CHAPTER
FOUR
MOUNTAIN
MEN
By
the spring of 2013, the legend of Akram Kebir had once again spread
to every corner of Afghanistan. His name was whispered in fields and
market places and NATO bases. Every news channel in the world yearned
for a face to face interview. Every editor in the world was ready and
willing to pay top dollar for a photo. Any photo. The Americans had
raised the price on Akram's head to $5 million. Every night tens of
thousands of NATO soldiers hoped and prayed he would stay clear of
their sector.
Nobody
ever knew where he was. He moved through the mountains like a ghost.
Drones silently spent every minute of every day gliding over the
vastness of the mountains. Elite soldiers patrolled for weeks on end
and never found so much as an empty plastic bottle.
For
weeks there would be nothing and then one day a patrol would be
ripped apart by a string of well set IED's and yet more NATO troops
would be cut apart by equally carefully arranged cross fire.
Akram
and his men had by now been responsible for the death of 43 NATO
troops from four nations. They had killed Americans, French, Italians
and British. A further 172 soldiers had been wounded to various
degrees and removed from the field.
Intelligence
officers burned the midnight oil trying to second guess Akram's
movements. What was the size and makeup of his force? How many
vehicles did he have? Did he have a main command bunker somewhere?

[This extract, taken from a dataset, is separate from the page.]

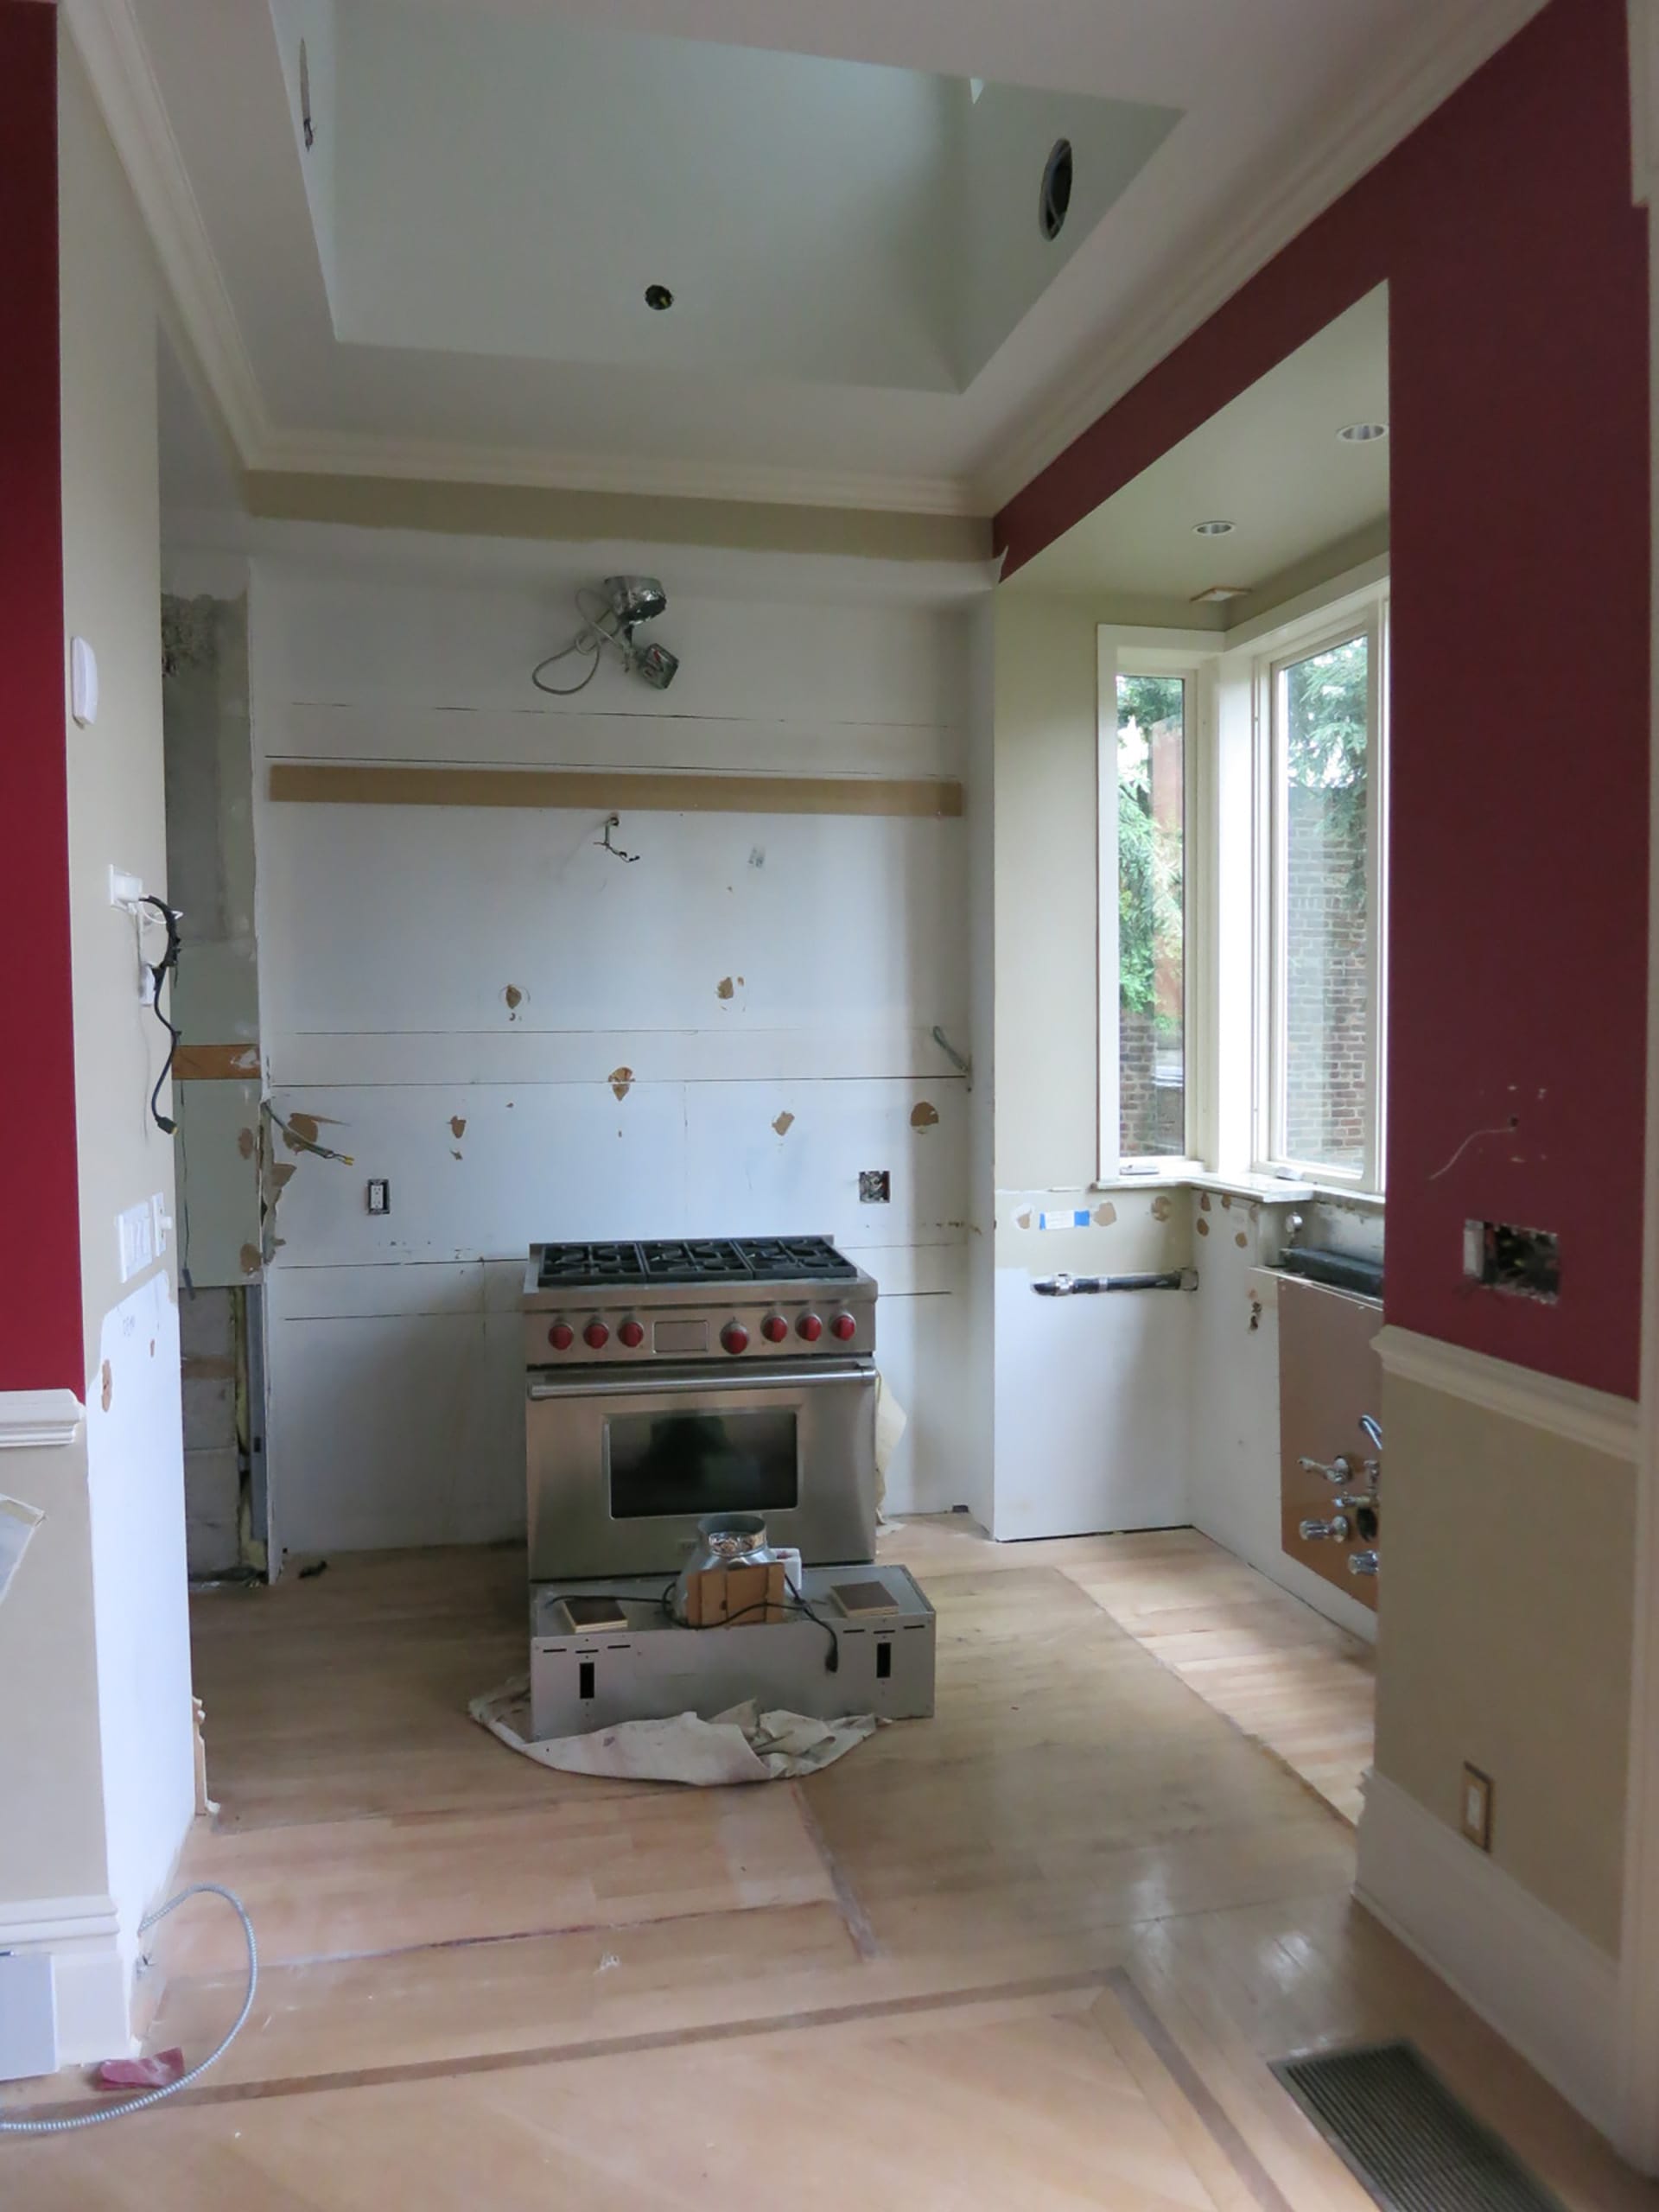 Kitchen at the rear of a Brooklyn Heights townhouse before our renovation

How was he re-supplied? How did he communicate with the Taliban
leadership? They were certain his group numbered between 200 and 400
and they simply couldn't understand how so many fighters could manage
to remain so invisible.
Most
troubling of all to the analysts was the period between June 2009 and
September 2011 when there had been no evidence of any activity
whatsoever. Where had Kebir been for all that time? Over the border
in Waziristan? Or maybe Iran or Yemen? Was Kebir still fighting for
the Taliban or had he used this time to make connections with groups
with more global ambitions? Nobody could discover any kind of clue.
He just vanished.
And
then in the autumn of 2011 the killing started up again.
If
they had known the truth, they would probably have buried it. The
truth would have astounded them. The truth would have made them want
to smash up their computers and scream in frustration. For Akram
Kebir did not have between 200 and 400 fighters under his command.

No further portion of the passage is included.